DISPARATES DE LOS ANGLÓMANOS (III)

Llega a tal extremo la desfachatez de los anglómanos que no se avergüenzan de defender el uso de voces inglesas en nuestra lengua —el abuso, por mejor decir— valiéndose de argumentos contradictorios con los que previamente ellos mismos han esgrimido.


Que procedan así no debería sorprendernos, pues tal actitud es típica de los que están profundamente convencidos de tener razón y, por lo tanto, no les pone cuidado el tratar de probárselo a quienes no opinan como ellos. Y se echa de ver muy bien cuando alegan que en español no hay vocablos que viertan con propiedad los anglicismos más comunes —por ejemplo, crush, like, influencer, flashback, chance, accountability o feedback—, pero alguien les demuestra que no, que tales voquibles tienen traducción cabal y sencilla: flechazo, aprobación, influyente, escena retrospectiva, oportunidad, rendición de cuentas y retroalimentación, respectivamente. Entonces, los anglómanos, en vez de reconocer su error (o de tratar de insistir de forma ingeniosa en que las palabras españolas elegidas no son las adecuadas), dan en salir con una pamplina diferente: que, aun cuando los anglicismos se puedan traducir con más o menos acierto, el mantenerlos enriquece el español, ya que permitirán expresar con otra palabra lo que quizás solamente se dice con una en nuestro idioma.


Y pasan en un santiamén, pues, de sostener que unas voces eran intraducibles a sostener justamente lo contrario sin rebozo.


Pero, aun cuando el tener gran número de sinónimos enriquezca un idioma; si lo meditamos bien, ¿por qué hay que enriquecer el idioma con voces ajenas —y muchas veces, además, malsonantes a nuestros oídos— en lugar de con derivaciones de voces propias?; ¿no dispone nuestra lengua de reglas con que producir nuevos vocablos para que sirvan de sinónimos a los que ya tenemos?
No deberíamos olvidar que lo de tomar vocablos de lenguas extranjeras se ha justificado tradicionalmente en que carecíamos de los conceptos equivalentes en la nuestra, lo cual presupone que los extranjerismos que incorporamos estarán siempre faltos de sinónimos. En atención a esto y a los despropósitos que oímos y leemos, se nos ofrecen algunas dudillas: ¿habría que buscarles también sinónimos —en su lengua de origen o en otra— a los anglicismos que hemos incorporado por no tener nosotros término castizo correspondiente? ¿Qué habríamos de hacer con vocablos como chóped, jaibol, macadán, póquer, remasterizar, parsec, nilón, craqueo o clíper? ¿Acaso a estos anglicismos se los exime, por ser precisamente anglicismos, de lo de la riqueza lingüística que los anglómanos cacarean? Y, a propósito, ¿qué habría que hacer con los extranjerismos que hemos tomado de otras lenguas distintas de la inglesa? ¿También habría que buscarles sinónimos a chantillí, espaguetis, bullabesa y andantino?

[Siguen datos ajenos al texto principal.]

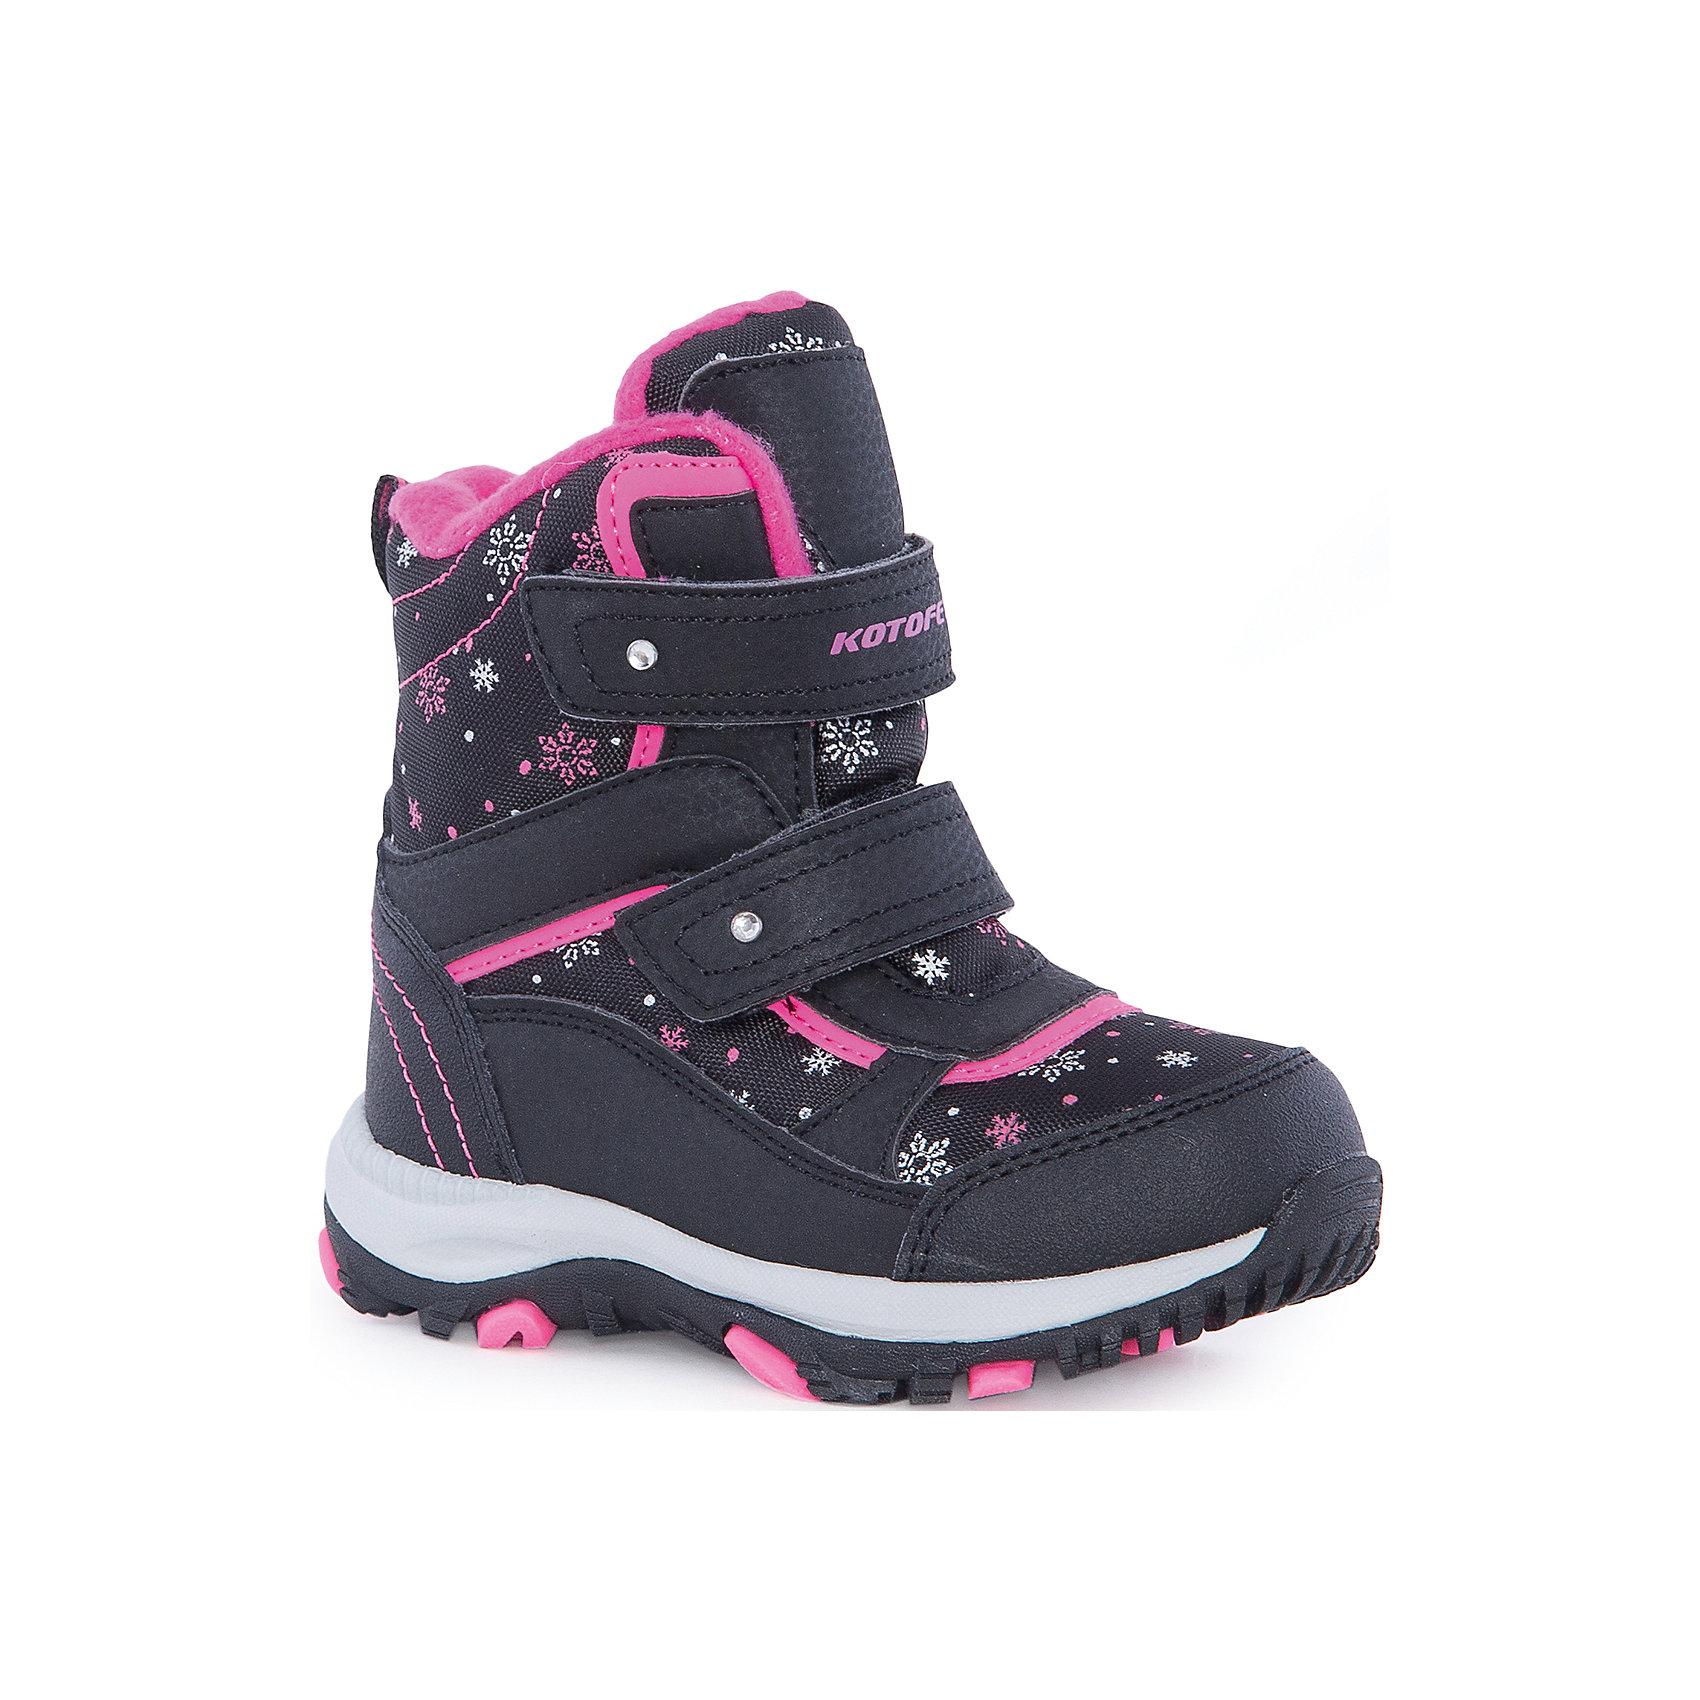 Ботинки  для девочки КотофейБотинки<br>Ботинки  для девочки Котофей.<br><br>Характеристики:<br><br>- Внешний материал: искусственная кожа, текстиль<br>- Внутренний материал: мех шерстяной<br>- Стелька: войлок<br>- Подошва: филон, ТЭП<br>- Тип застежки: липучки<br>- Вид крепления обуви: клеевой<br>- Цвет: черный, фуксия<br>- Сезон: зима<br>- Температурный режим: от +5 до -15 градусов<br>- Пол: для девочек<br><br>Ботинки торговой марки Котофей понравится абсолютно всем девочкам! Они особенно хороши для активных прогулок. Верх выполнен из влагоотталкивающего текстиля и кожи. Подкладка - из натуральной шерсти, имеется дополнительная стелька из войлока, поэтому ножке в такой обуви тепло и уютно. Между материалами верха и подклада вшит специальный мембранный материал, отталкивающий влагу, но позволяющий ногам дышать. Мыс защищен. Гибкая, широкая, клеевая подошва с рельефным протектором обеспечит превосходное сцепление с поверхностью. Снижение ударной нагрузки и повышенную устойчивость обеспечивает в подошве слой из материала филон, который часто используется в спортивной обуви. Вторая часть подошвы из термоэластопласта (ТЭП)  – пластичного материала, отлично амортизирующего при шаге, не теряющего своих свойств при понижении температур, предотвращающего скольжение. Два ремня с липучкой позволяют не только быстро обувать и снимать ботинки, но и обеспечивают плотное прилегание обуви к стопе. Детская обувь «Котофей» качественна, красива, добротна, комфортна и долговечна. Она производится на Егорьевской обувной фабрике. Жесткий контроль производства и постоянное совершенствование технологий при многолетнем опыте позволяют считать компанию одним из лидеров среди отечественных производителей детской обуви.<br><br>Ботинки  для девочки Котофей можно купить в нашем интернет-магазине.<br><br>Ширина мм: 262<br>Глубина мм: 176<br>Высота мм: 97<br>Вес г: 427<br>Цвет: разноцветный<br>Возраст от месяцев: 36<br>Возраст до месяцев: 48<br>Пол: Женский<br>Возраст: Детский<br>Размер: 27,30,26

Y aún se nos ofrece otra duda mucho más gorda: si hay que juzgar por buenos los anglicismos innecesarios, pues nos permiten disponer de palabras de sobra, ¿no sería lo más ventajoso y conveniente meter todo el vocabulario inglés en nuestro diccionario? De esa manera, la riqueza lingüística de los hispanohablantes sí se volvería enorme… y se aumentaría infinitamente más si incorporáramos también todas las voces que usan franceses, alemanes, rusos y chinos; aunque barruntamos que esto último a los anglómanos no les parecería idea digna de aplauso, ya que, como viven tan maravillados por lo inglés, dan en que los préstamos solo tiene sentido recibirlos del idioma de Shakespeare —y sin ninguna traba—, porque, en el fondo, lo tienen por idioma superior, neutro y verdaderamente internacional (¡como si algún idioma natural pudiera ser neutro!, ¡como si no hubiese habido otros idiomas internacionales en épocas anteriores o no los hubiese aún hoy!).